At the end of the Cold War we had the second best submarine flotilla, just about the best ASW in NATO, and the RM were still on form. Despite what many here think fixed wing aviation was an added bonus. Nice to have in the limit way we had it but not really essential. It might shock many here but Argentina isn’t going to invade the Falklands again. With hindsight two large fleet carriers probably weren’t the best option for us. We should have gone down the large LHD route with them as a support to the rest of the fleet not at the centre of it. We cannot as we are seeing now within the mindset of the current political class afford to operate strike carriers. It is a Top Gun Top Trumps fantasy too many on sites like this have. A 40k tonne LHx would have allowed 6 F35b, 4 cabs for Crowsnest (more important than FJ TBH), 6 Wildcat, and 12 Merlin. Three or so big fast dock ships and a cruise every year with the duty commando aboard would have seen us set. As for escort numbers and SSN’s well though I can understand why numbers were cut they went too far. I can’t believe the RN just dropped the ball. But it did. So…….
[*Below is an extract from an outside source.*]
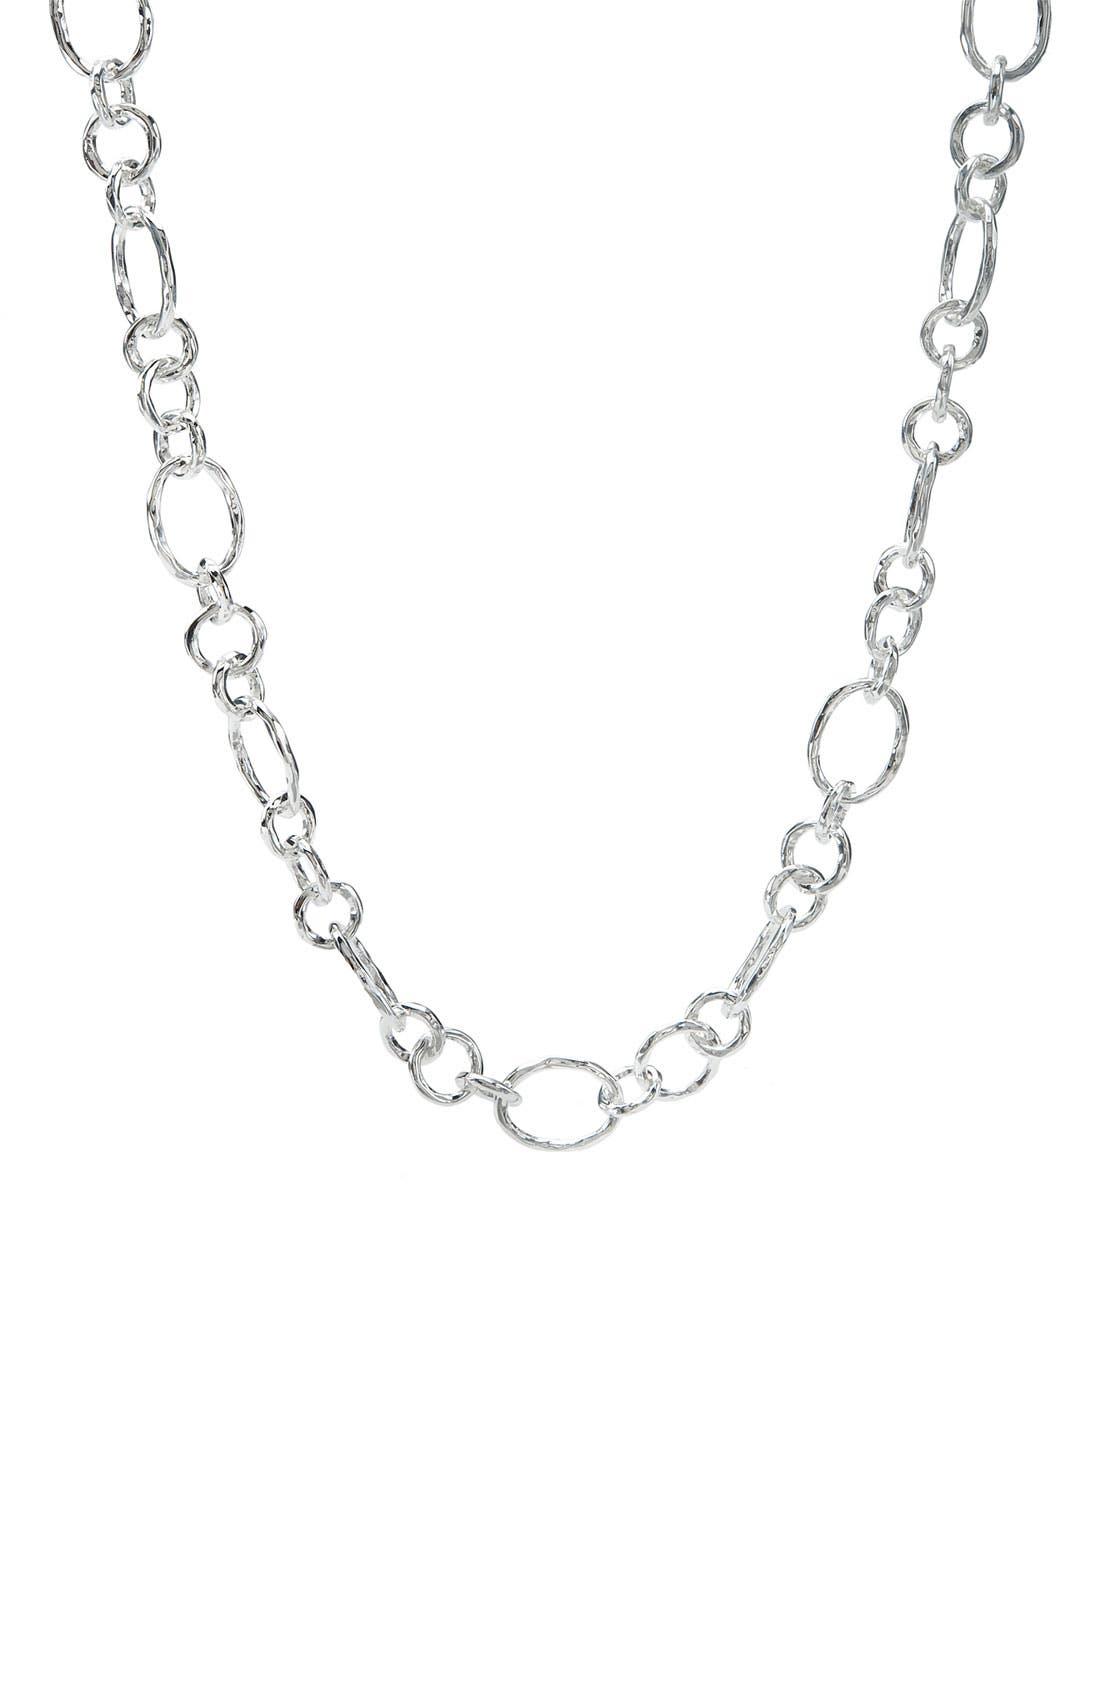 Main Image - Ippolita 'Glamazon' Chain Necklace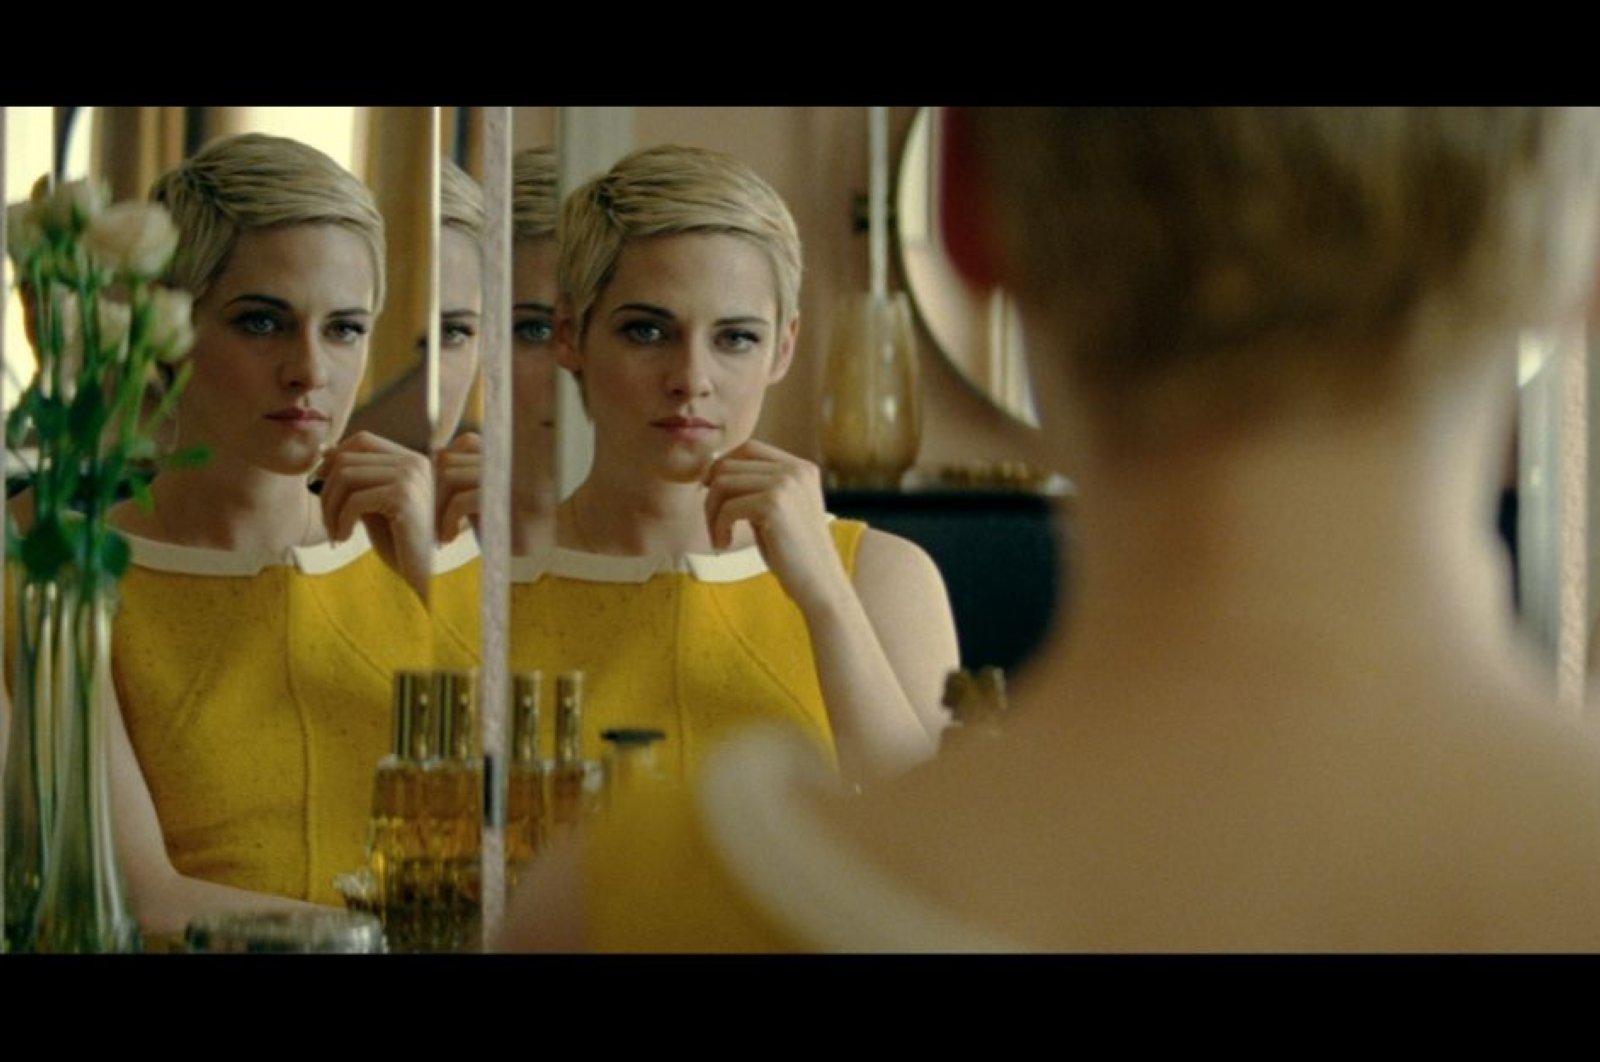 Kristen Stewart as Seberg in the film.

Just noticed from excellent photo posted that Kirov’s still have portholes… 2 levels!
Insert jokes along the lines of at least you can see the toilets that don’t work half of the time…..
That ship may look big and impressively but I’d be amazed if most of its systems still worked.
Hopefully the kettle is still working properly……..
Every Russian ship I have visited smells of cabbage.
Back in the late 80s on the oldest surviving T42 we spent lots of time escorting the Red Banner ships when they came out to play. Kuznetsov and Kirov especially. It was really really boring. You pick them up in say the western approaches, stand a couple of Nm’s off for days or weeks at a time as you make your way up to the North Cape and then hand them over to Norway.
got some good pictures though.
No radars on bar navigation sets. Very little in the way of radio transmissions. CTs embarked to monitor Sigint if there is any, The cab goes up and takes pictures, theirs go up and take pictures.
The RAF come out to tickle them to see if they respond…they don’t…
Nothing changed in the 90s on B2 T22s except the Sigint gear was better. Same routine.
New millenium on T23s…same routine…
Its a well worn path.
I remember stories of Leanders following Soviet ships because of mysterious deck houses only to find them to be hen houses.